> **TASK STATEMENT**:
The answer is the data below, repeated exactly, with no pictures included.
**** RECORDED INFORMATION ****
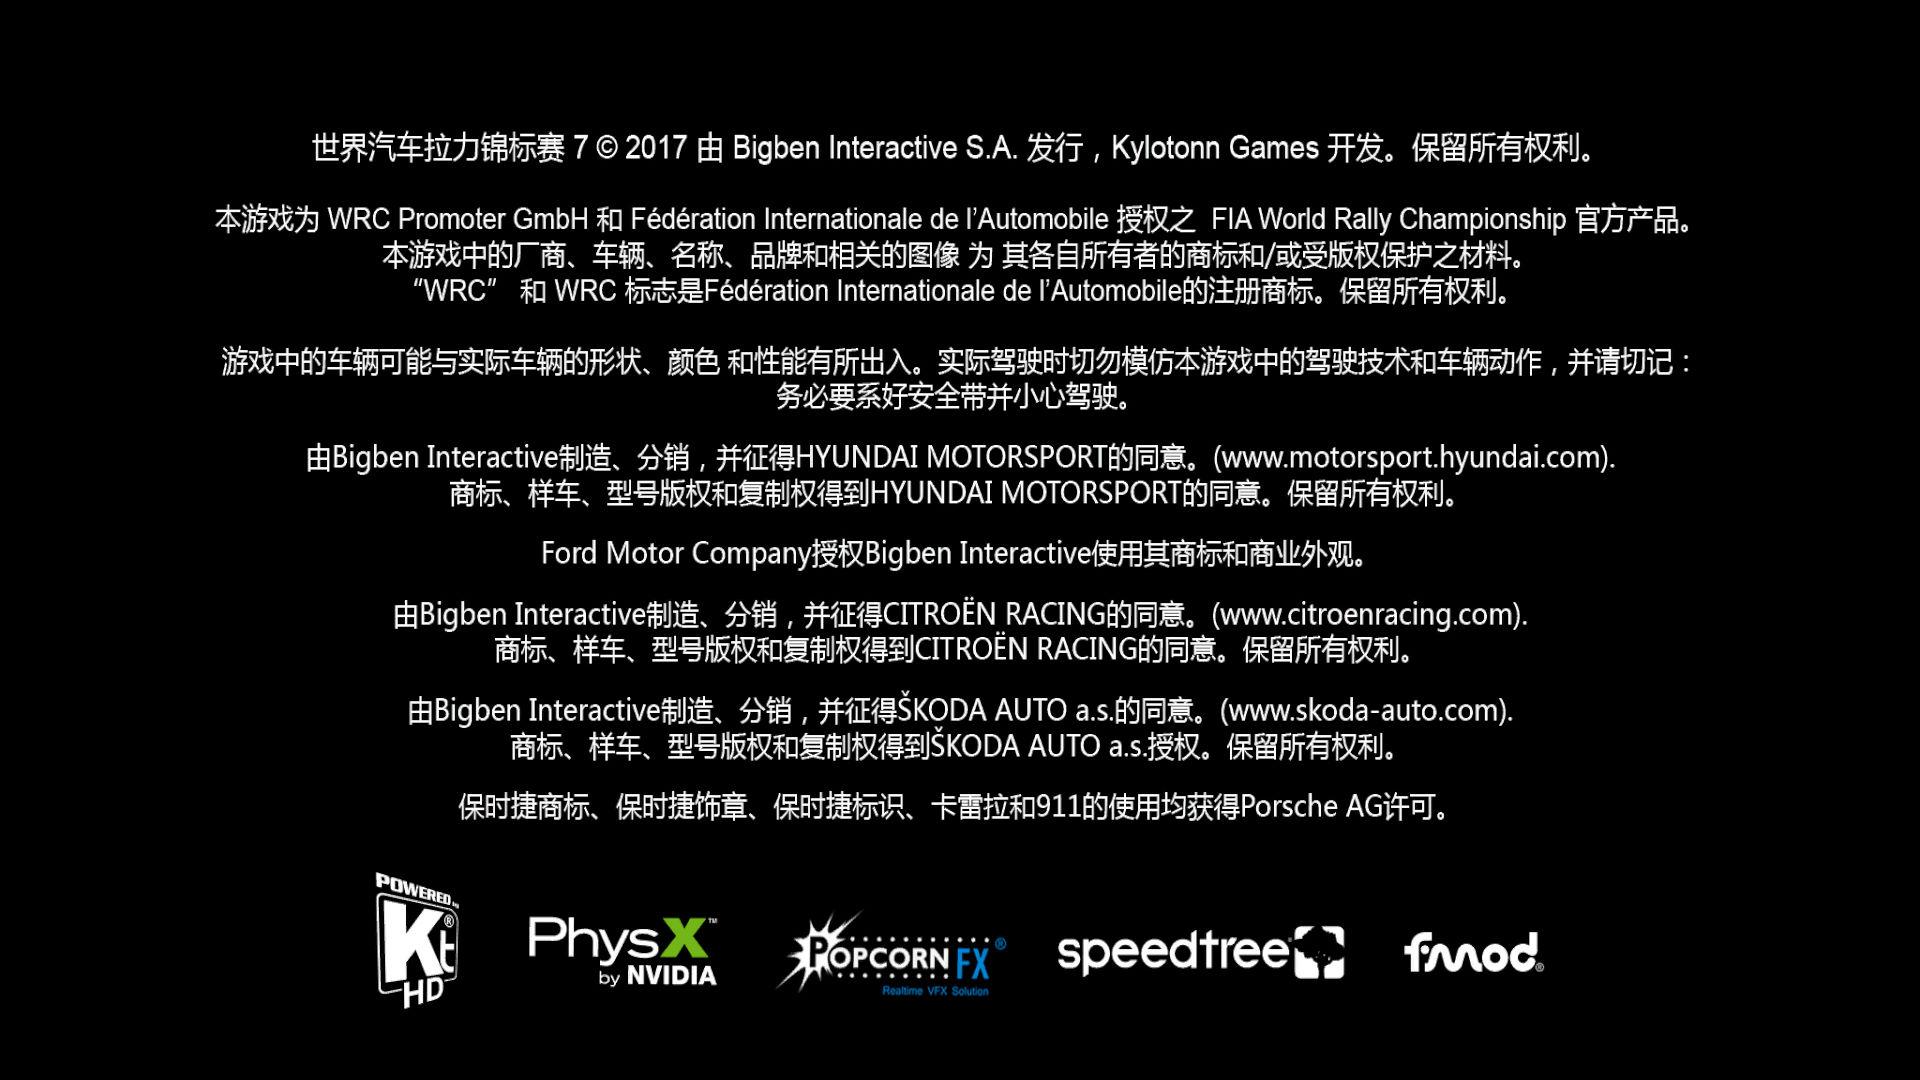 世界汽车拉力锦标赛7 中文截图
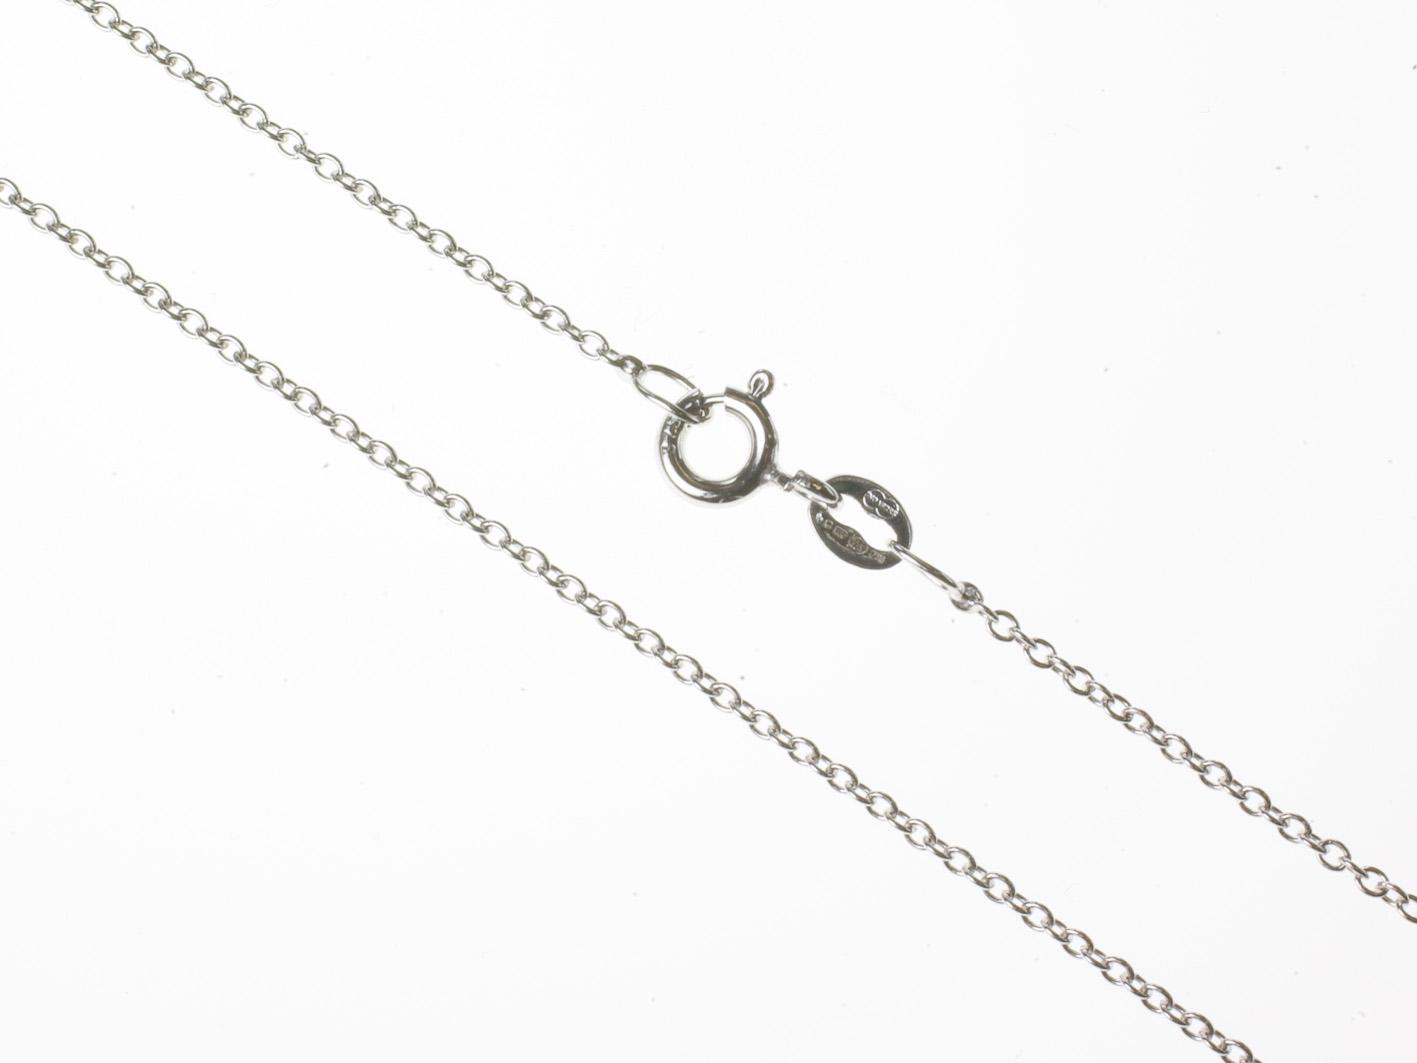 20-fine-silver-chain-2017-p
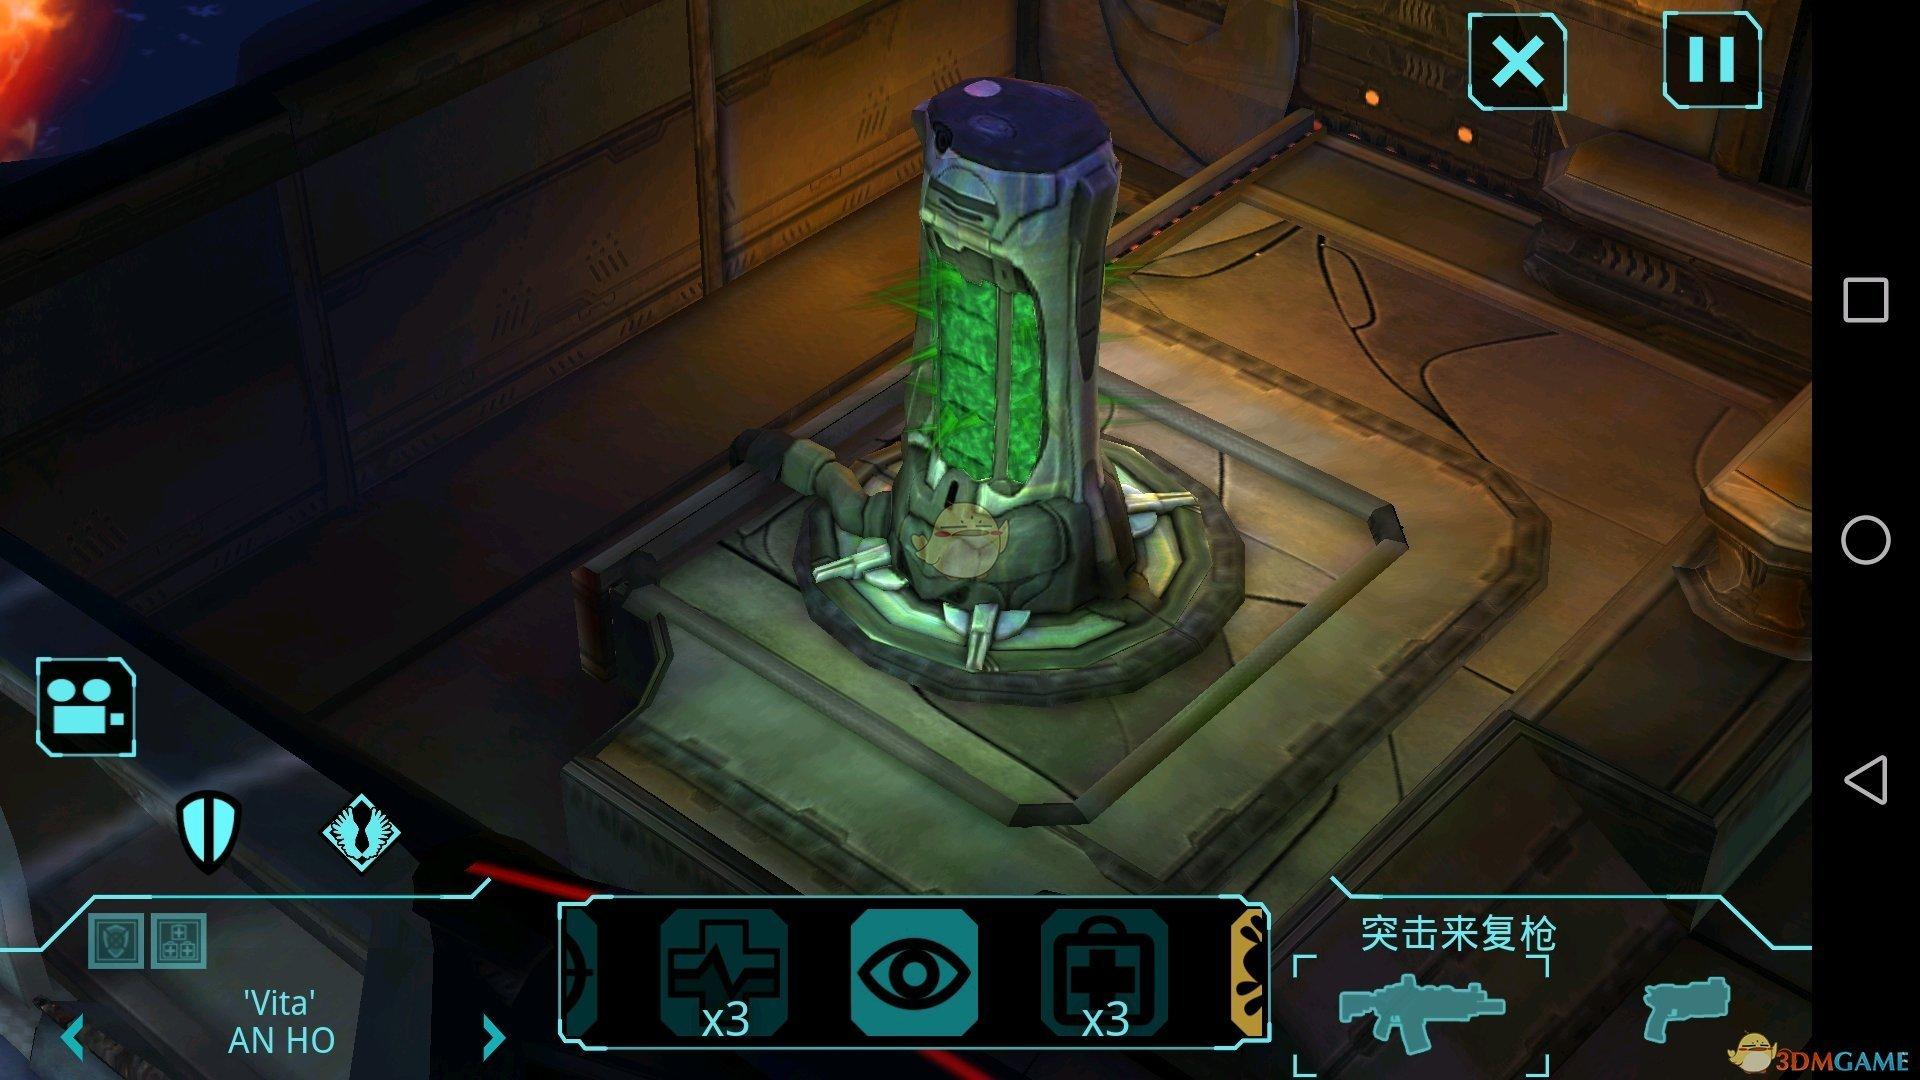 《幽浮:奇美拉战队》机器人使用方法分享
****
> **WRITTEN ANSWER**:
 世界汽车拉力锦标赛7 中文截图
 20-fine-silver-chain-2017-p
 《幽浮:奇美拉战队》机器人使用方法分享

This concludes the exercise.